Erişkon, “23 yıllık deneyimimle küresel satış organizasyonlarını sıfırdan inşa eden, liderlik kültürlerini dönüştüren ve yeni nesil teknolojilere ilham veren biri olarak şunu söyleyebilirim ki teknolojinin hızla geliştiği ve tehditlerin çeşitlendiği bir çağda, siber güvenliğin geldiği nokta kritik önem taşıyor” diye konuştu.

Yalnızca müşteri portföyünü değil, liderlik kadrosunu ve partner kanalını da yeniden kurguladığını belirten Erişkon, “80 kişilik bir global satış ekibinin kurulmasında aktif rol aldım. Aynı dönemde şirket üst üste üç yıl boyunca yüzde 300’ün üzerinde satış büyümesi kaydetti. Bir şirketin siber güvenlikte güçlü olması, yalnızca teknik çözümlere yatırım yapmasıyla değil, bu yaklaşımı bir organizasyon kültürüne dönüştürmesiyle mümkün. Siber güvenlik, insan, süreç ve teknolojinin kesişim noktasında yaşayan bir disiplindir.”
‘GELİŞİM YALNIZCA TEKNOLOJİDE DEĞİL, DÜŞÜNCE YAPISINDA BAŞLADI’

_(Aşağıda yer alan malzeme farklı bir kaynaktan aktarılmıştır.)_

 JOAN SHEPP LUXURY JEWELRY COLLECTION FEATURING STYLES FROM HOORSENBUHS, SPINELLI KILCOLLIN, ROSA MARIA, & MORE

Siber güvenlik çözümleri sektörü son beş yılda yalnızca teknolojik anlamda değil, iş yapış biçimleri, iş birlikleri ve liderlik anlayışında da büyük bir dönüşüm geçirirken Erişkon, bu dönüşümü şöyle özetledi: “2020 sonrasında özellikle uzaktan çalışmanın kalıcı hale gelmesiyle güvenliğin sadece ofis duvarlarıyla sınırlı kalamayacağı ortaya çıktı. SASE, Zero Trust, XDR gibi yaklaşımlar hızla sahaya indi. Bu dönemde yalnızca güvenlik altyapısı değil, karar alma biçimleri de dönüştü. Her seviyede farkındalık yaratmak artık bir zorunluluk. Öte yandan yapay zeka hem tehdit tarafında hem savunma tarafında oyun değiştirici oldu. Yapay zeka destekli saldırılar giderek sofistike hale gelirken, savunma tarafında XDR, SOAR ve otomatik tehdit analiz platformları kaçınılmaz oldu. Ancak siber güvenlikte teknolojinin yanı sıra insan kaynağı, içgörü ve stratejik refleks hâlâ belirleyici bir rol oynuyor.”

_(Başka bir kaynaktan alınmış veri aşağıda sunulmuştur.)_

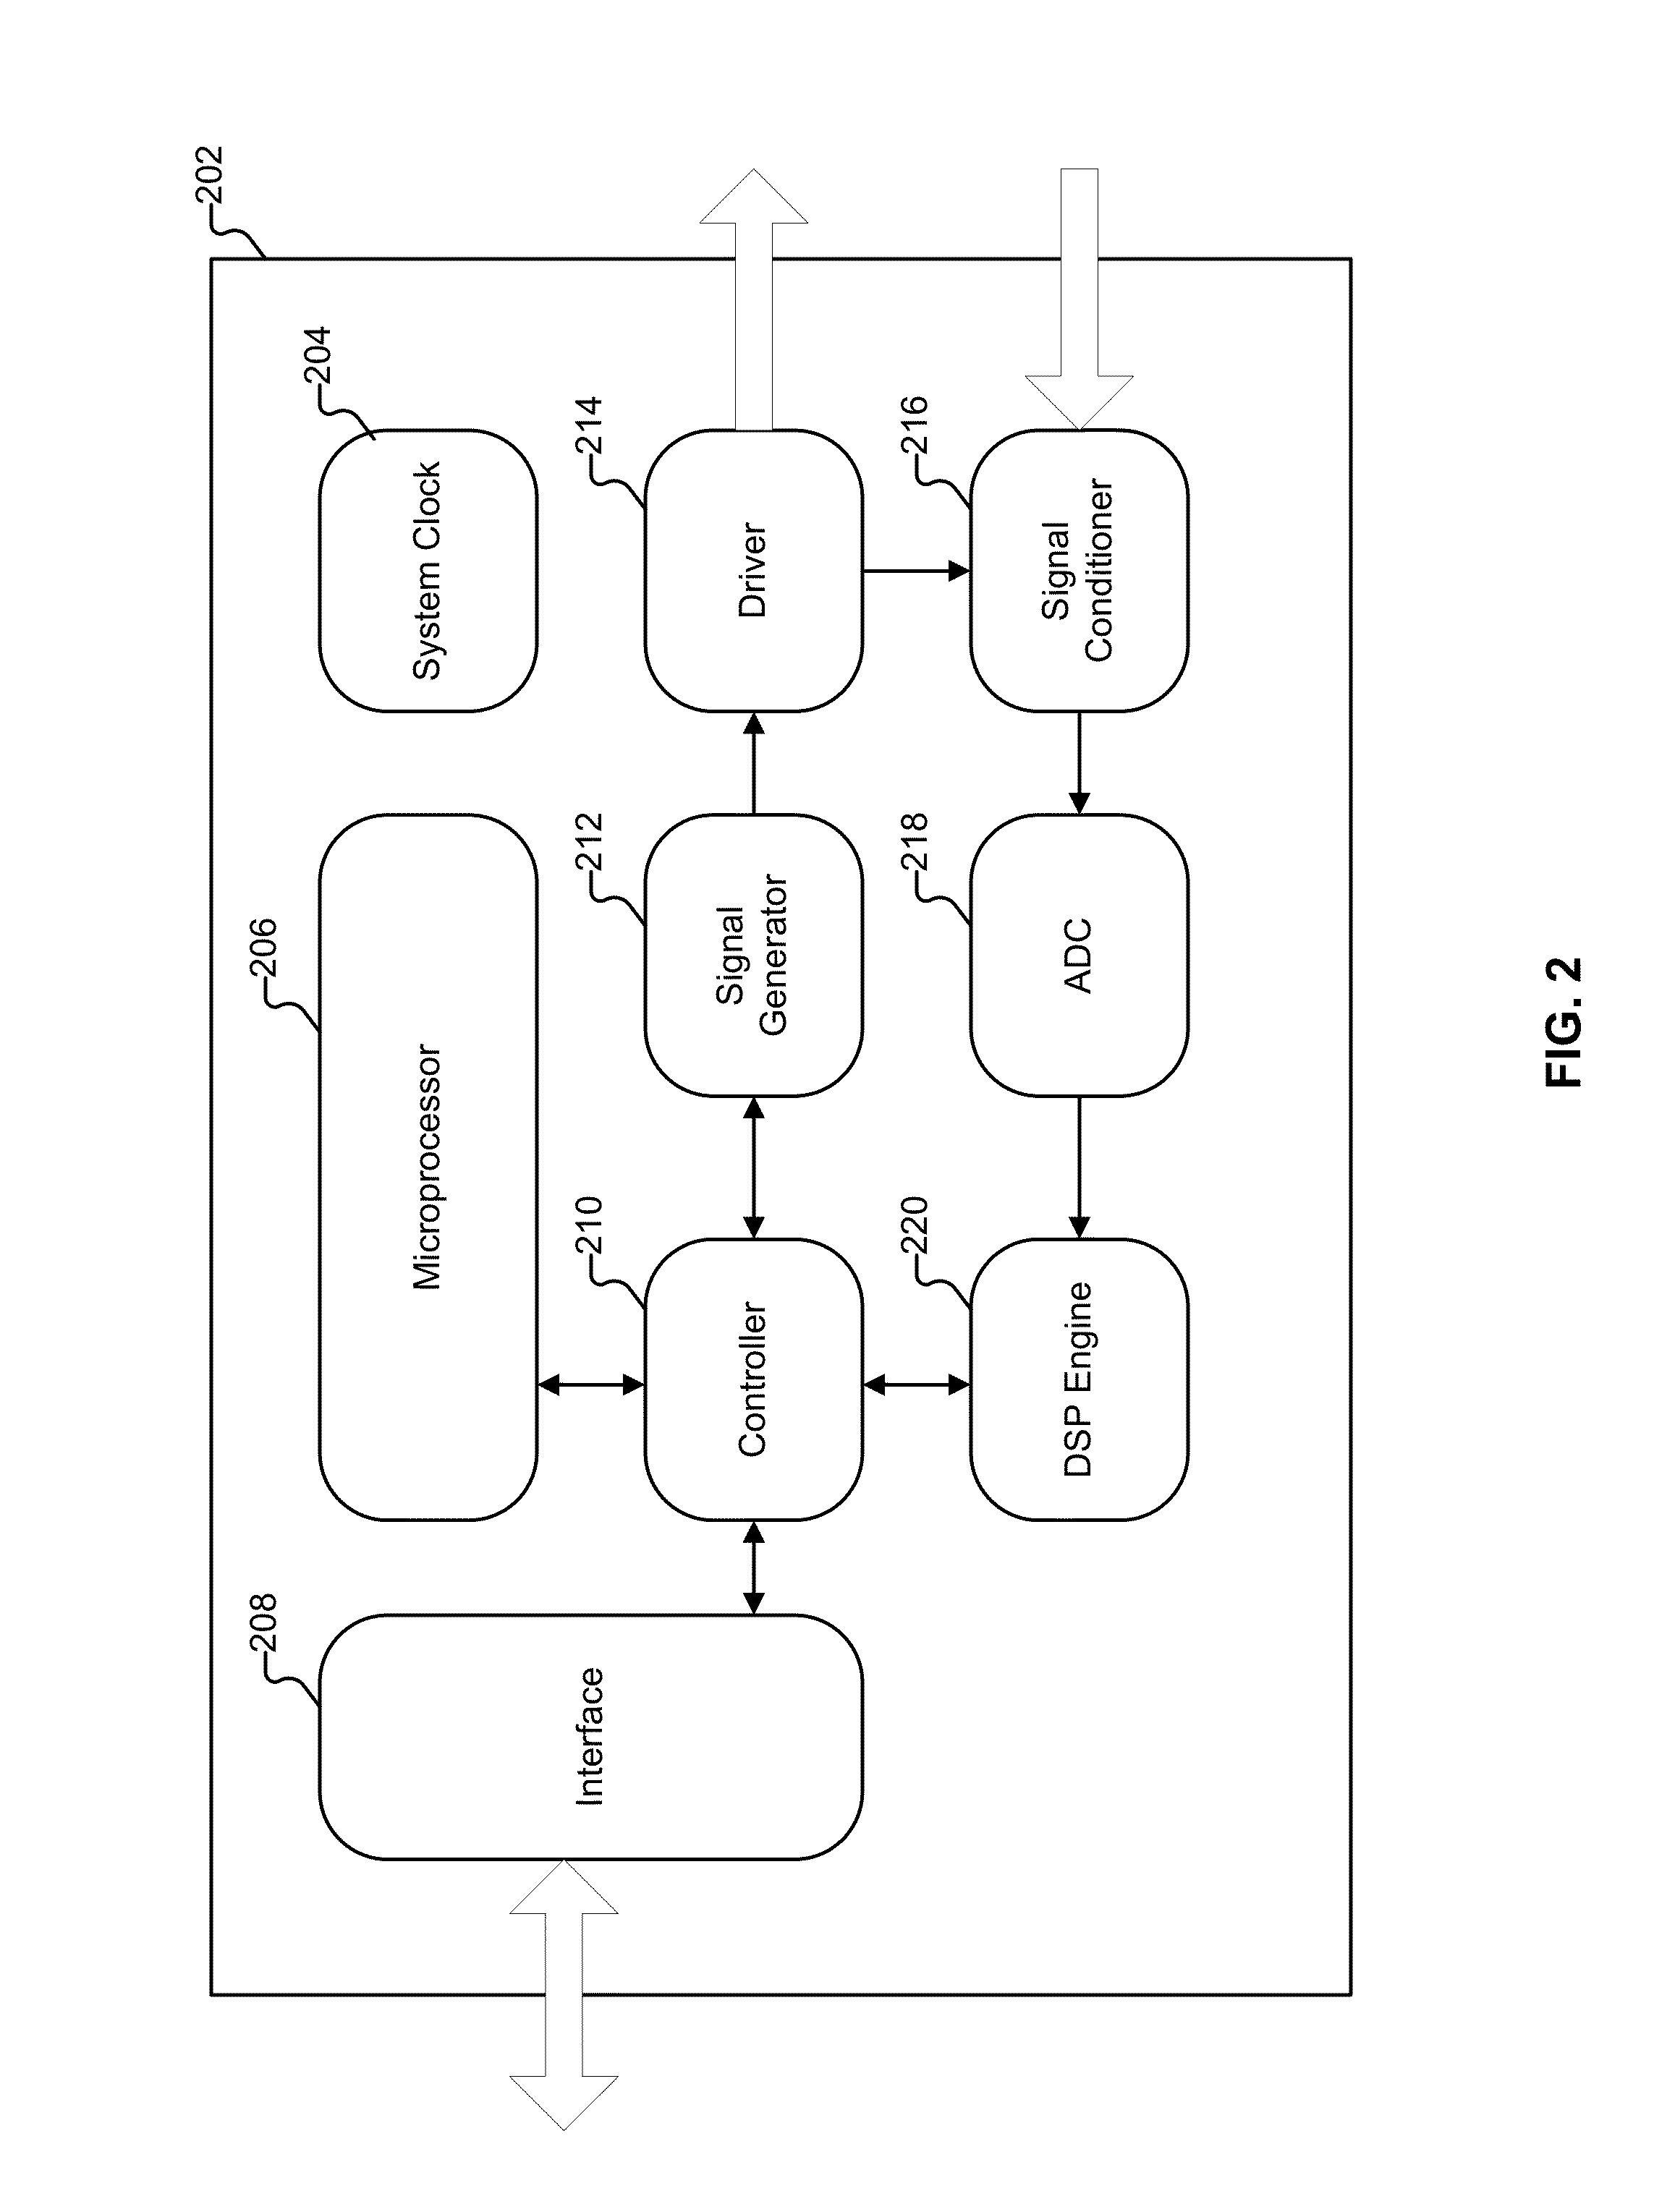 User interface interaction using touch input force

‘SİBER GÜVENLİK PAZARI BÜYÜYOR AMA YETENEK AÇIĞI HALA EN BÜYÜK TEHDİT’
Global siber güvenlik pazarının 2025 itibarıyla 250 milyar doları aşmasına ve yıllık ortalama yüzde 11 büyümesine rağmen, nicelik kadar niteliğin de önemini vurgulayan Erişkon, “Bugün siber güvenlikte yetenek açığı 3 milyonun üzerinde. Kadın temsiliyeti hala düşük. İnsan faktörü, saldırıların en zayıf halkası olmaya devam ediyor. Bu nedenle teknik sistemleri kadar organizasyonel yapıyı da eğitmek, geliştirmek ve güçlendirmek gerekiyor. proaktif savunma ve stratejik esneklik olmadan sürdürülebilirlik mümkün değil. Risk yönetimini sadece teknik parametrelerle değil, iş hedefleriyle uyumlu planlamak gerekiyor. Bu da sürdürülebilir siber güvenlik için stratejik esnekliği zorunlu kılıyor” diye konuştu.
‘GİRİŞİMLERDEN KURUMSAL DEVLERE, GÜVENLİĞİ KÜLTÜR HALİNE GETİRMELİYİZ’

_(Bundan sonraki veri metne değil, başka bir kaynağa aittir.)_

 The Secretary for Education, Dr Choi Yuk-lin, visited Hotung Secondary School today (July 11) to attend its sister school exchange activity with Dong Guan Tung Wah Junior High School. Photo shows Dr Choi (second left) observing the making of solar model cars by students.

Bugüne kadar hem kurumsal yapılarda hem girişimlerde edindiği deneyimle farklı ölçeklerdeki organizasyonları desteklediğini belirten Semra Erişkon, “Girişimlerle birlikte büyümek çok şey öğretti. Artık bilgiyi daha geniş kitlelerle paylaşmak ve sosyal fayda yaratmak istiyorum. Çünkü yolun sonunda nereye varacağınız kadar, o yolu nasıl yürüdüğünüz de çok önemli” dedi.